Unless you have an in circuit emulator or break-out box around your CPU, there's no such thing as timing a single-loop or single-instruction. You need to bulk up your test runs to something that takes at least several seconds each in order to reduce error due to other things going on in the CPU, OS, etc. If you're wanting to find out exactly how much time a particular loop takes to execute, and it takes less than, say, 1 second to execute, you're going to need to artificially increase the number of iterations in order to get a number that is above the "noise floor". You can then take that number and divide it by the number of artificially inflated iterations to get a figure that represents how long one pass through your target loop will take. If you're wanting to compare the performance of different loop styles or techniques, the same thing holds: you're going to need to increase the number of iterations or passes through your test code in order to get a measurement in which what you're interested in dominates the time slice you're measuring. This is true whether you're measuring performance using sub-millisecond high performance counters provided by the CPU, the system date time clock, or a wall clock to measure the elapsed time of your test. Otherwise, you're just measuring white noise.
Typically if you want to measure the time spent in the inner loop, you'll put the time get routines outside of the outer loop and then divide by the (outer) loop count. If you expect the time of the inner loop to be relatively constant for any j, that is. Any profiling instructions incur their own overhead, but presumably the overhead will be the same regardless of where it's inserted so "it all comes out in the wash." Presumably you're looking for spots where there are considerable differences between the runtimes of two compared processes, where a pair of function calls like this won't be an issue (since you need one at the "end" too, to get the time delta) since one routine will be 2x or more costly over the other. Most platforms offer some sort of higher resolution timer, too, although the one we use here is hidden behind an API so that the "client" code is cross-platform. I'm sure with a little looking you can turn it up. Although even here, there's little likelihood that you'll get better than 1ms accuracy, so it's preferable to run the code several times in a row and time the whole run (then divide by the loop count, natch).
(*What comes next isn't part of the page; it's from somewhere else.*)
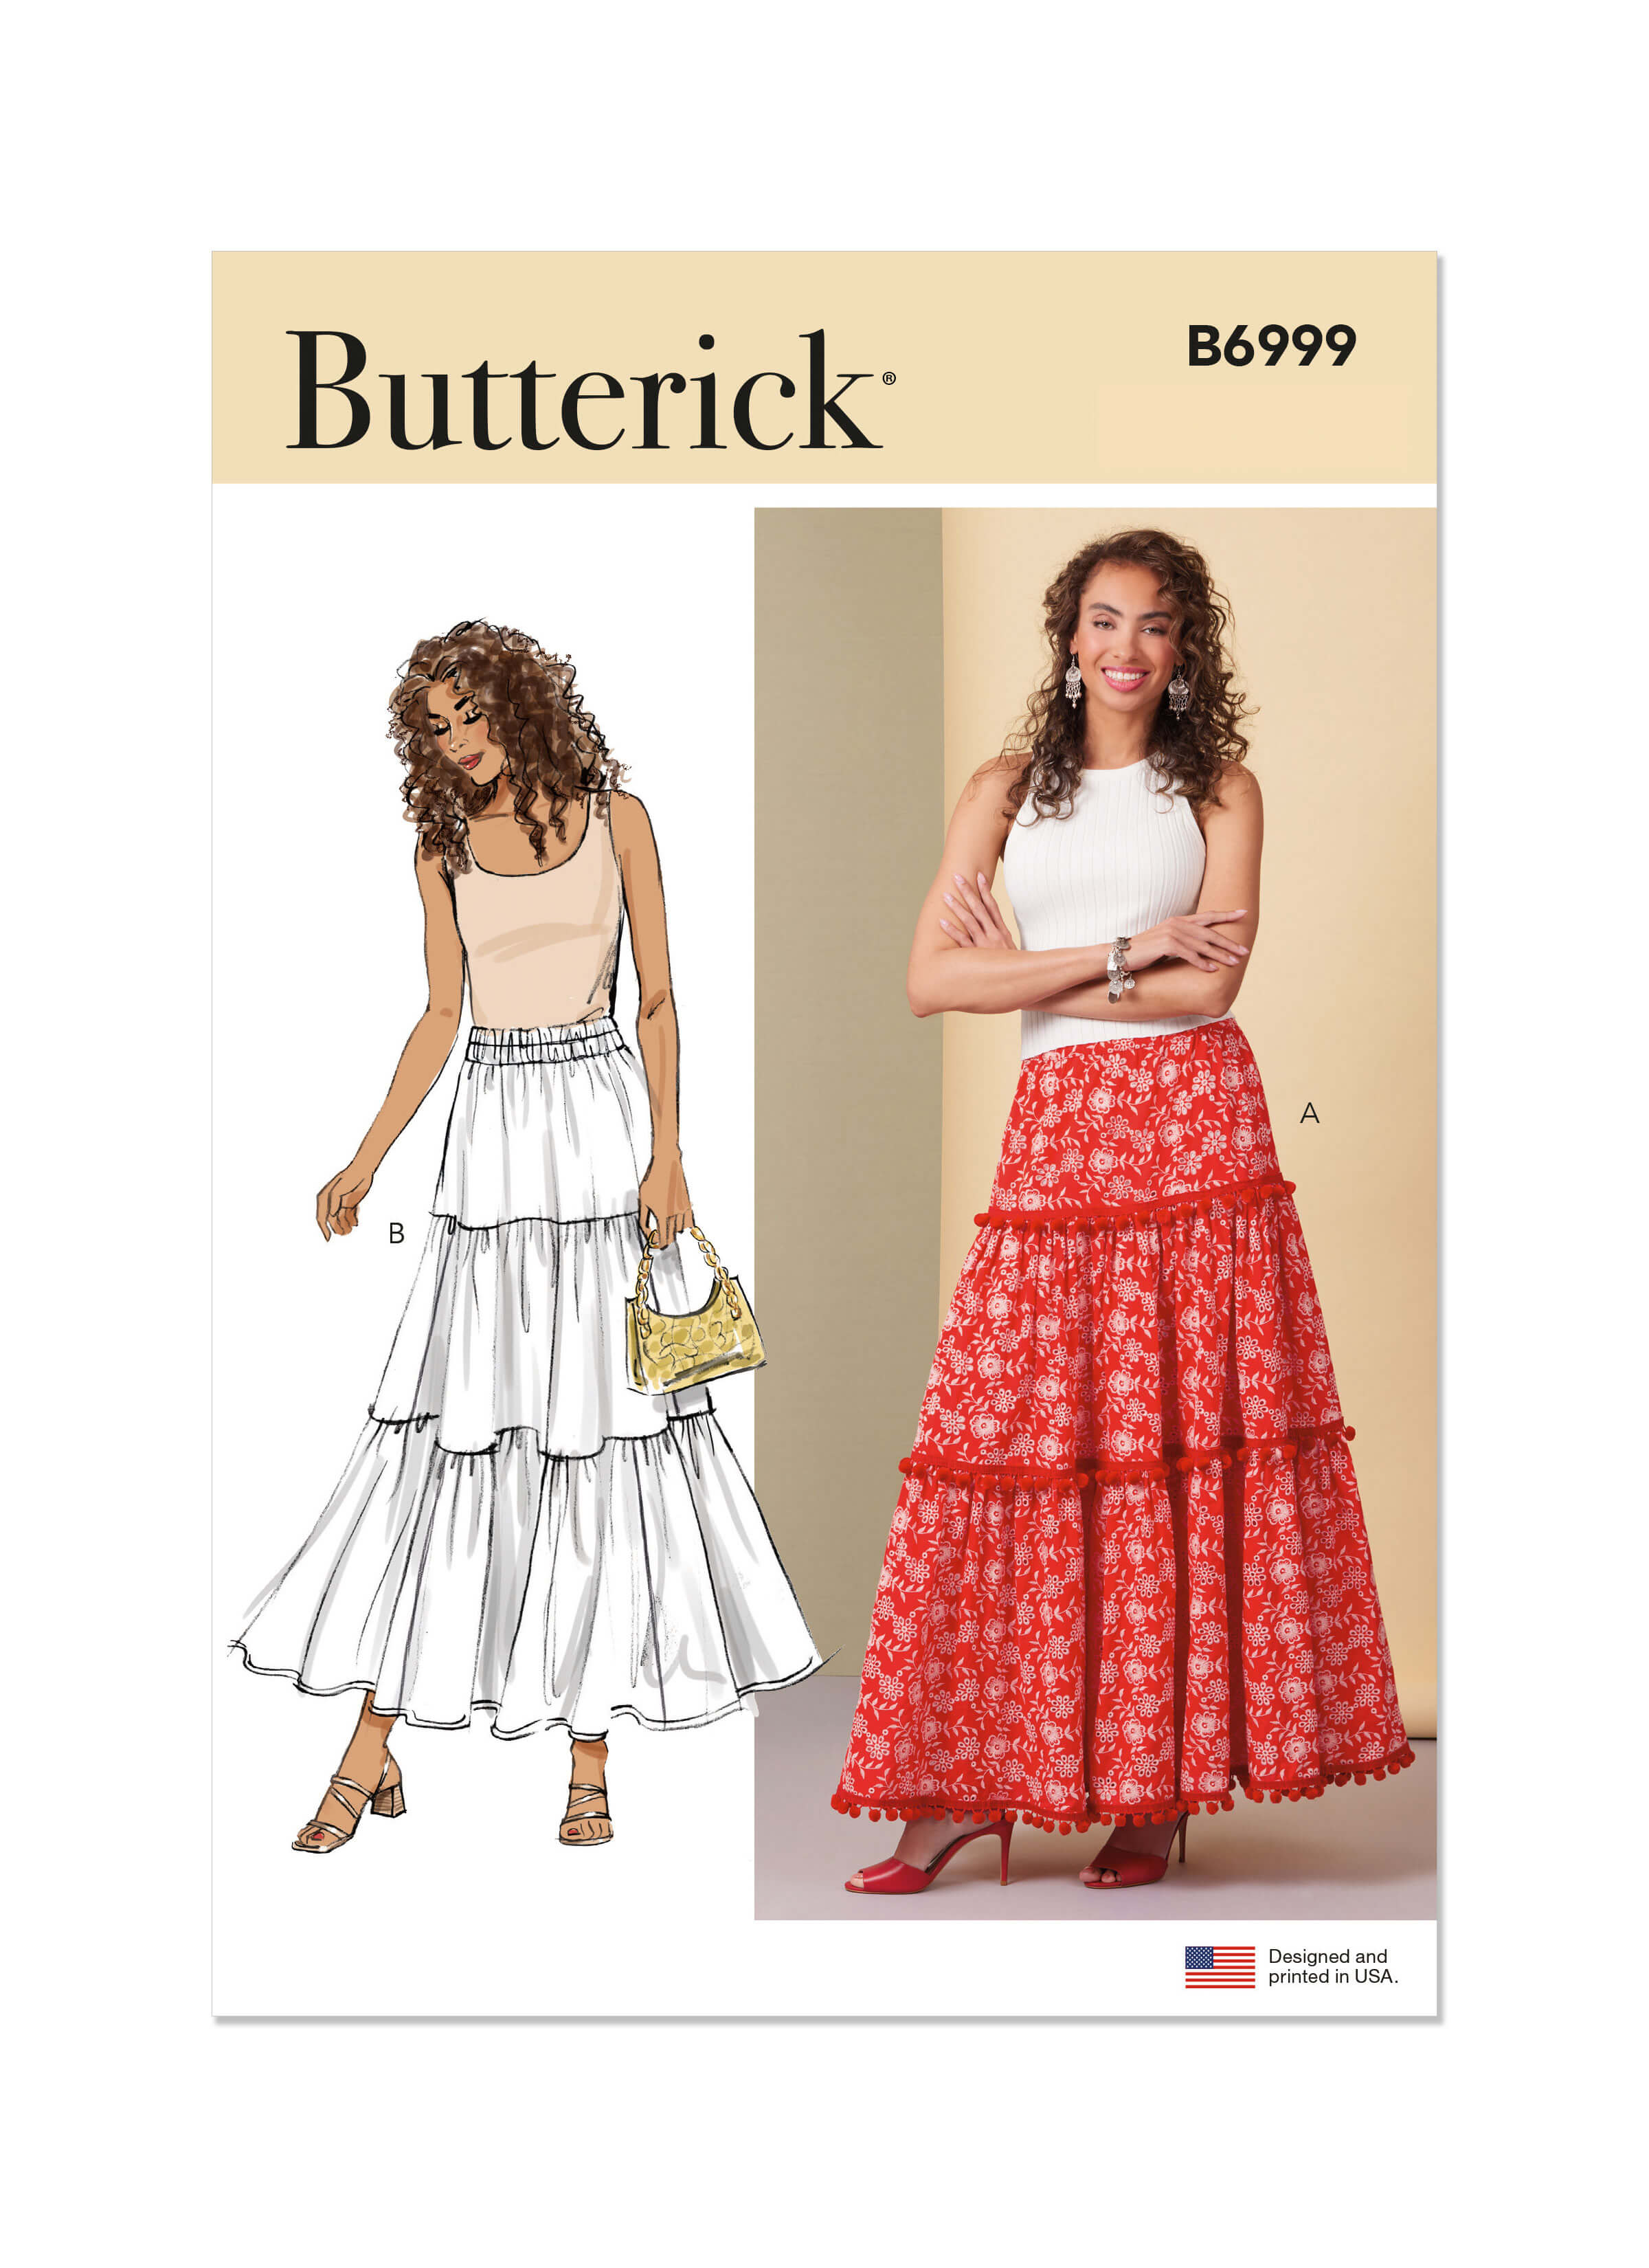 Butterick Sewing Pattern B6999 Misses' Skirts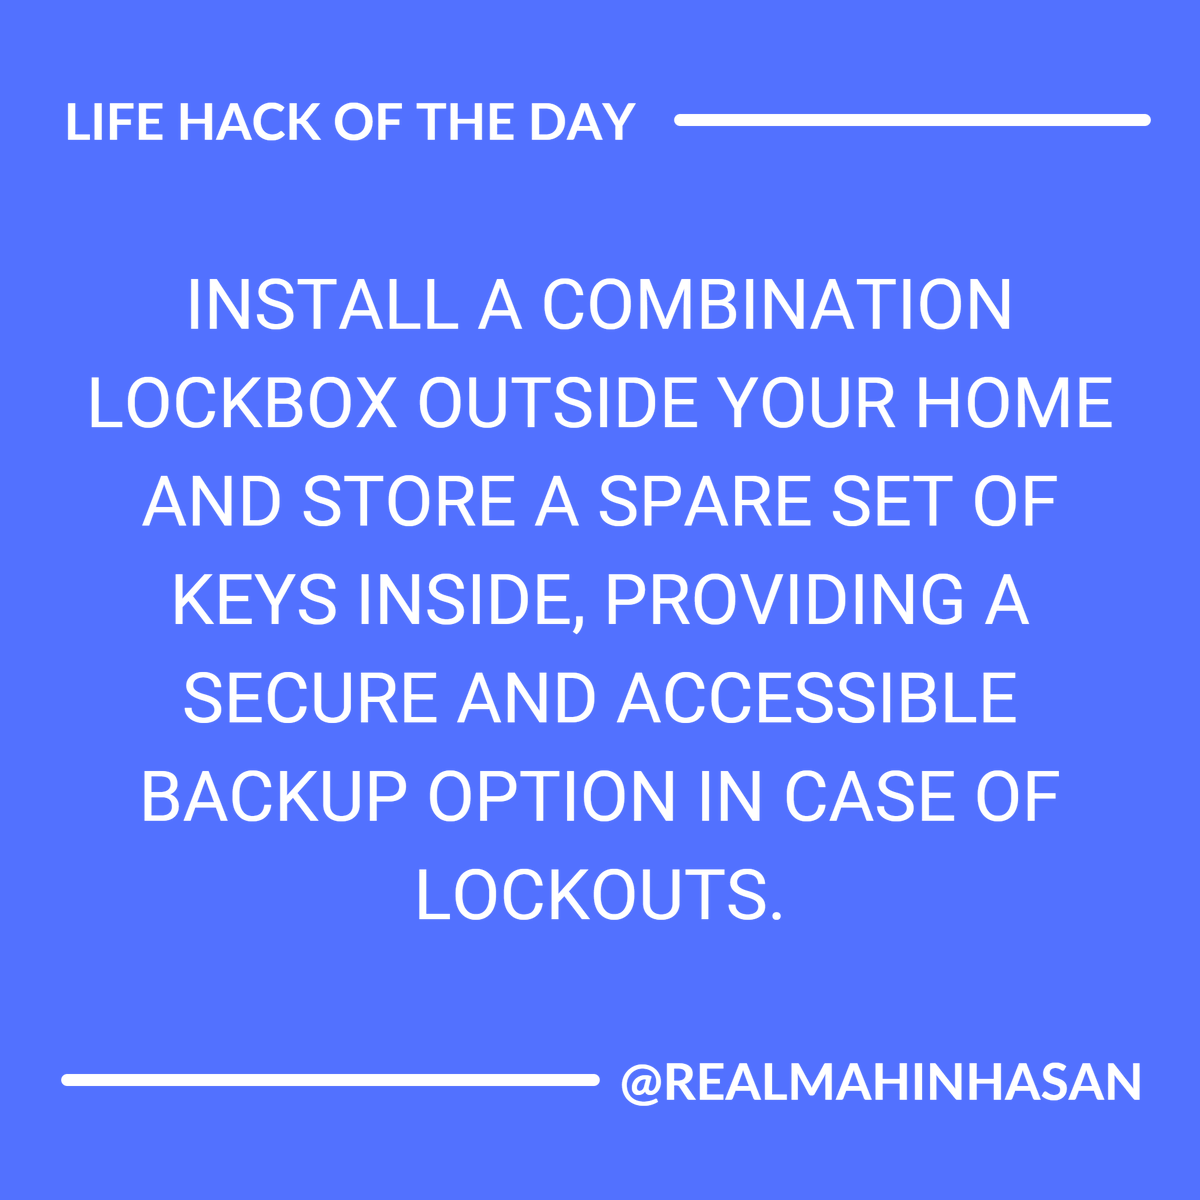 Keep a spare set of keys in a combination lockbox outside your home for emergencies. #SafetyHack #KeyStorage

I'm glad you're looking for percentage, because that's easy to get. Just get it running. If it runs quickly, put an outer loop around it so it takes a good long time. That won't affect the percentages. While it's running, get stackshots. You can do this with Ctrl-Break in gdb, or you can use pstack or lsstack. Just look to see what percentage of stackshots display the code you care about. Suppose the loops take some fraction of time, like 0.2 (20%) and you take N=20 samples. Then the number of samples that should show them will average 20 * 0.2 = 4, and the standard deviation of the number of samples will be sqrt(20 * 0.2 * 0.8) = sqrt(3.2) = 1.8, so if you want more precision, take more samples. (I personally think precision is overrated.)